WASHINGTON — The Department of Homeland Security will finally receive most of its funding again after the longest lapse in US history, following a House vote Thursday.
The House approved by voice vote the funding measure to reopen most DHS agencies, except those overseeing federal immigration enforcement, 75 days after Democrats blocked the spending.
The US Coast Guard, Secret Service, Federal Emergency Management Agency, and Transportation Security Administration will all get full funding once President Trump signs the measure.
TSA employees had to forgo pay stubs for weeks as a result, and many began calling out of work — causing lengthy lines at airports nationwide — before President Trump authorized funding via executive order.
On Tuesday, the Office of Management and Budget also warned lawmakers on Capitol Hill that emergency funding for DHS would dry up in May.
“My payroll through DHS is just over $1.6 billion every two weeks, so the money is going extremely fast, and once that happens, there is no emergency funds after that,” Mullin also told “Fox & Friends” last week.
“I’ve got one payroll left, and there is no more emergency funds, so the president can’t do another executive order because there’s no more money there.”
Renewed interest in fully funding the Secret Service followed the White House Correspondents’ Dinner shooting on April 25, which the president, vice president and several Cabinet officials attended.
Immigration and Customs Enforcement, as well as Customs and Border Protection, are expected to be funded through a separate budget resolution bill at a later date.
Senate Democrats kept the initial funding bill from clearing the 60-vote filibuster in protest of the killings of Renee Good and Alex Pretti.
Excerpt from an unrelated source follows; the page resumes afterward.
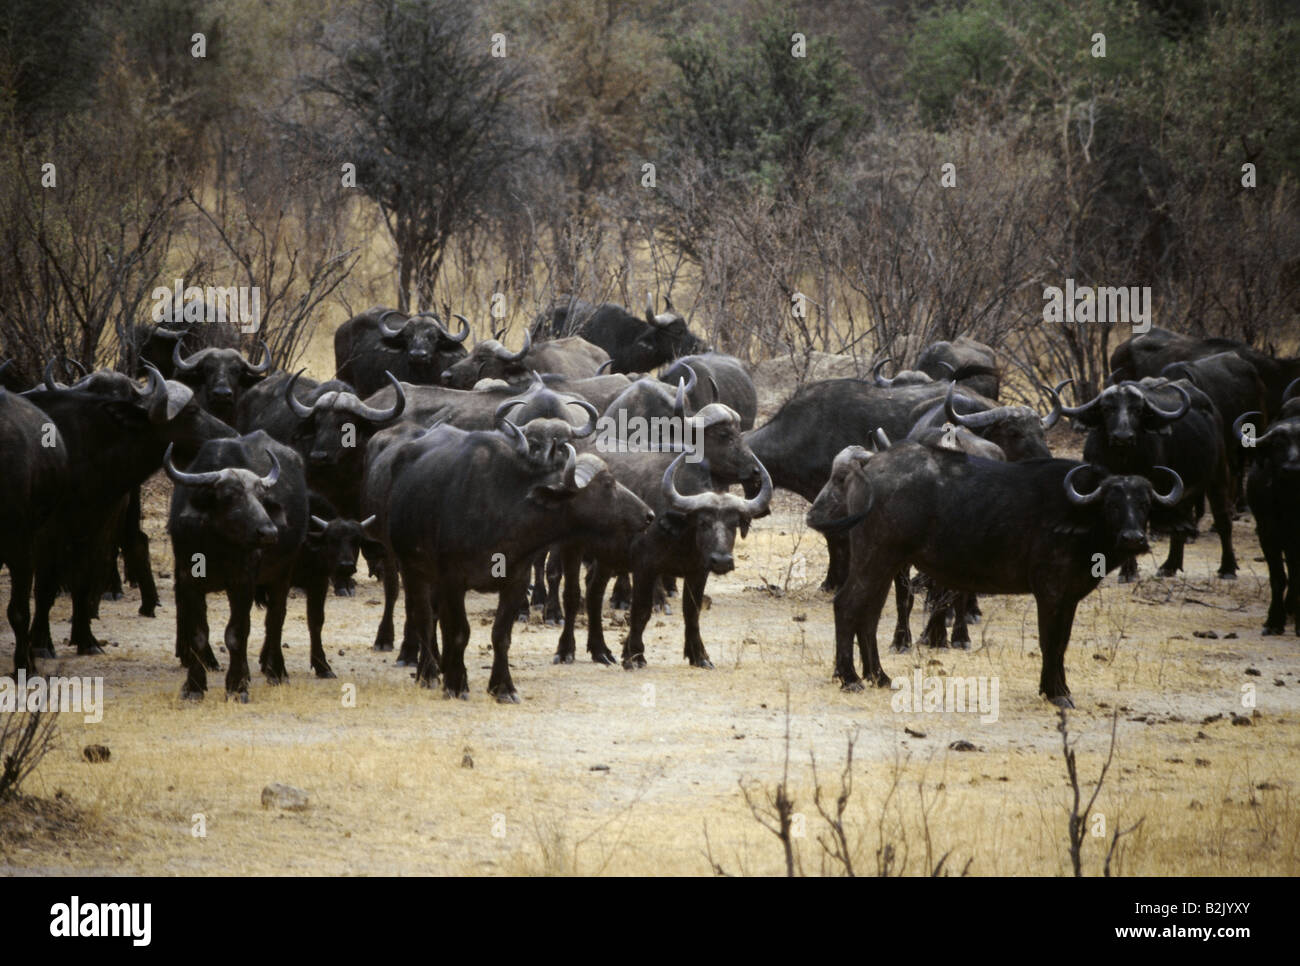 zoology / animals, mammal / mammalian, Bovidae, African Buffalo (Syncerus caffer), herd, Hwange National Park, Zimbabwe, Stock Photo
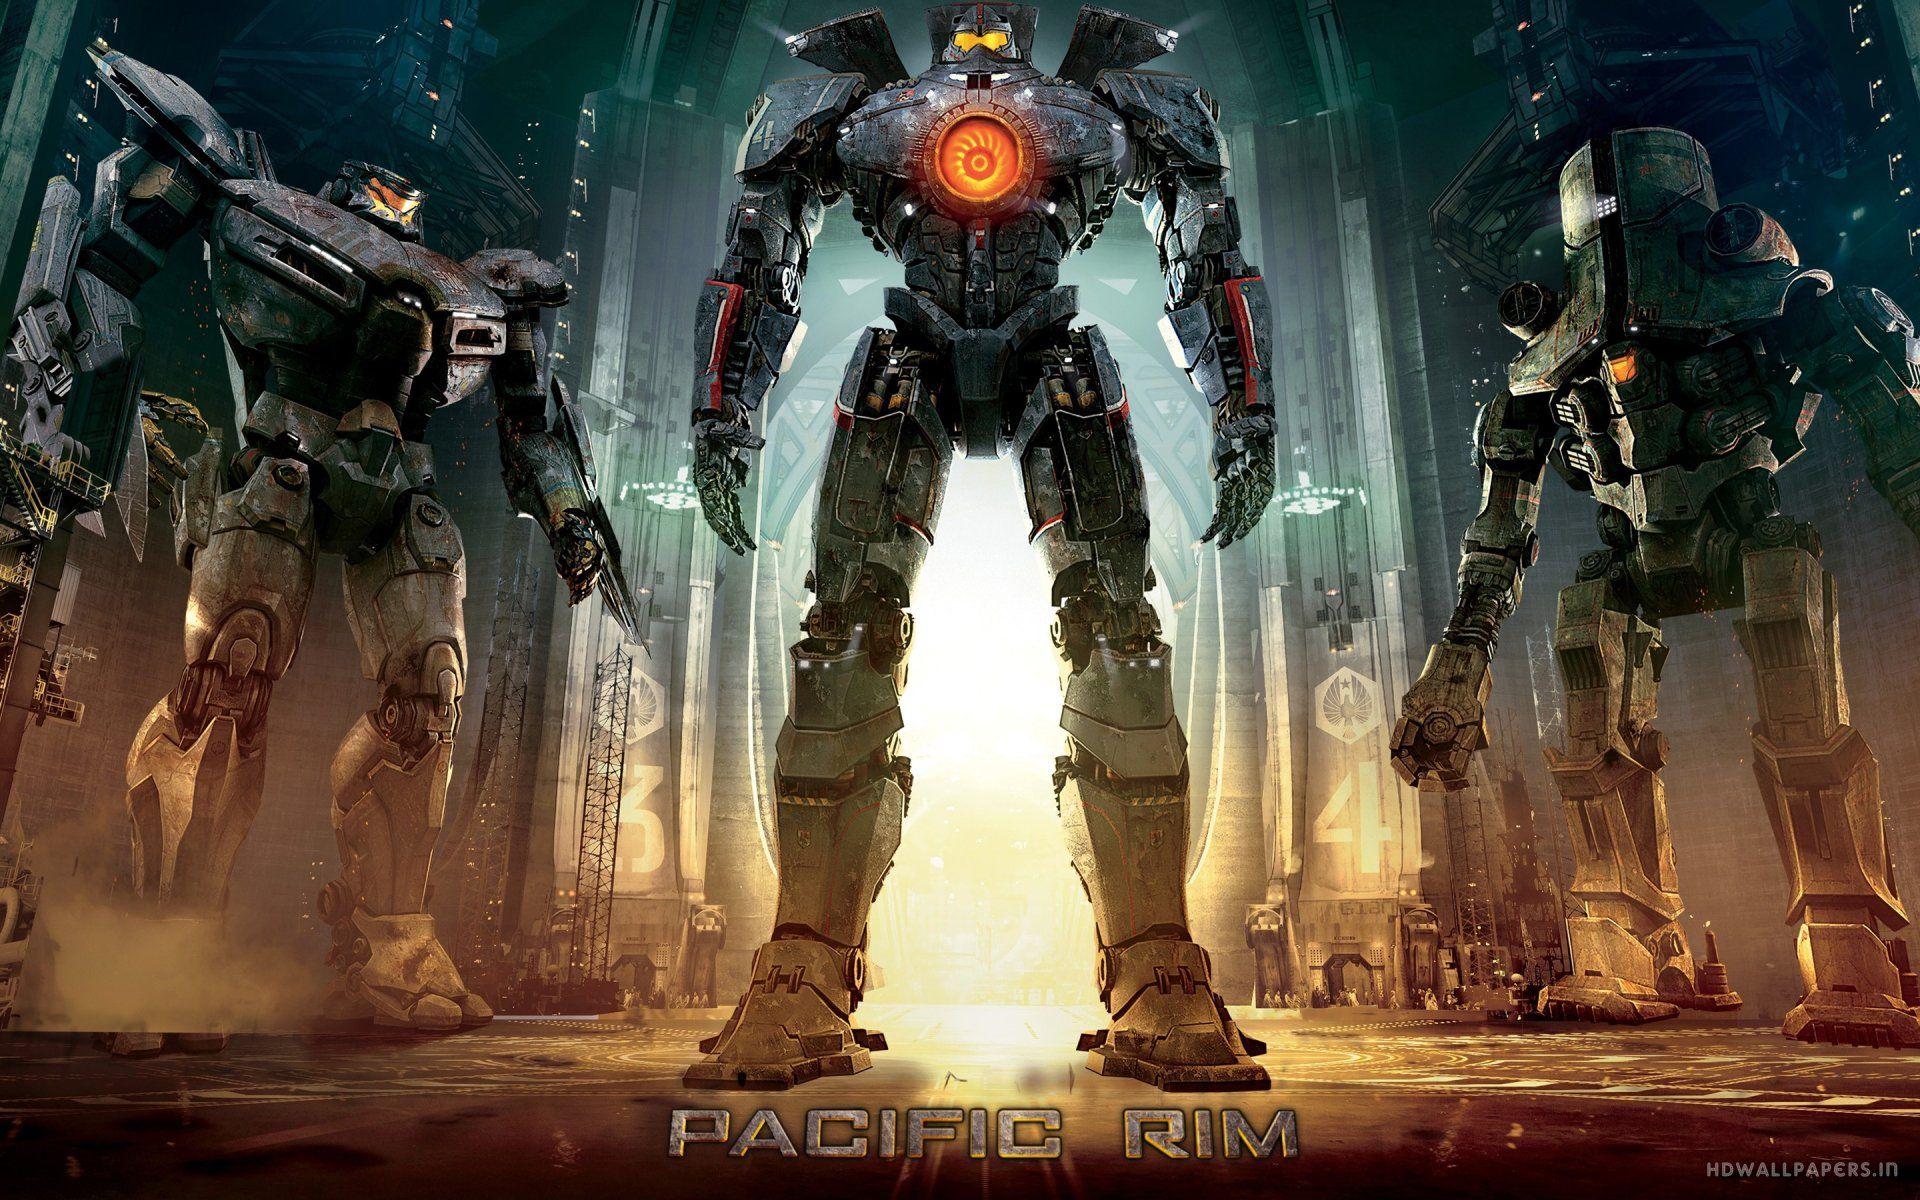 【館長聊影】6分鐘速看科幻怪獸電影《環太平洋》鋼鐵機甲抵御外星殖民巨獸_嗶哩嗶哩 (゜-゜)つロ 干杯~-bilibili

The 37-year-olds were both shot by federal immigration agents. Good accelerated her car toward an ICE agent, and Pretti was armed with a Sig Sauer pistol when he got into a scuffle with CBP officers.
Congressional Democrats demanded that any funding of DHS should be premised on federal immigration authorities being forced to go maskless and have clear identification.
They also requested the use of judicial warrants for arrests.
The Senate first passed the bill by unanimous consent in the early hours of March 27 — but House Republicans then blocked it for failing to fully fund border security.
“It was haphazardly drafted,” House Speaker Mike Johnson (R-La.) said Monday, insisting that “a modified version” being drafted would not “orphan two of the primary agencies of DHS.”
That version never passed, and instead, the lower chamber moved on a Senate-passed budget blueprint to provide ICE and CBP with more than $70 billion in funding on Wednesday.
Trump has demanded passage of the reconciliation package, which only requires a simple majority in both chambers, by June 1.
Some budget hawks in the GOP conference have balked that the blueprint didn’t include more spending cuts.
The House will now head into recess until May 12. The Senate returns on May 11.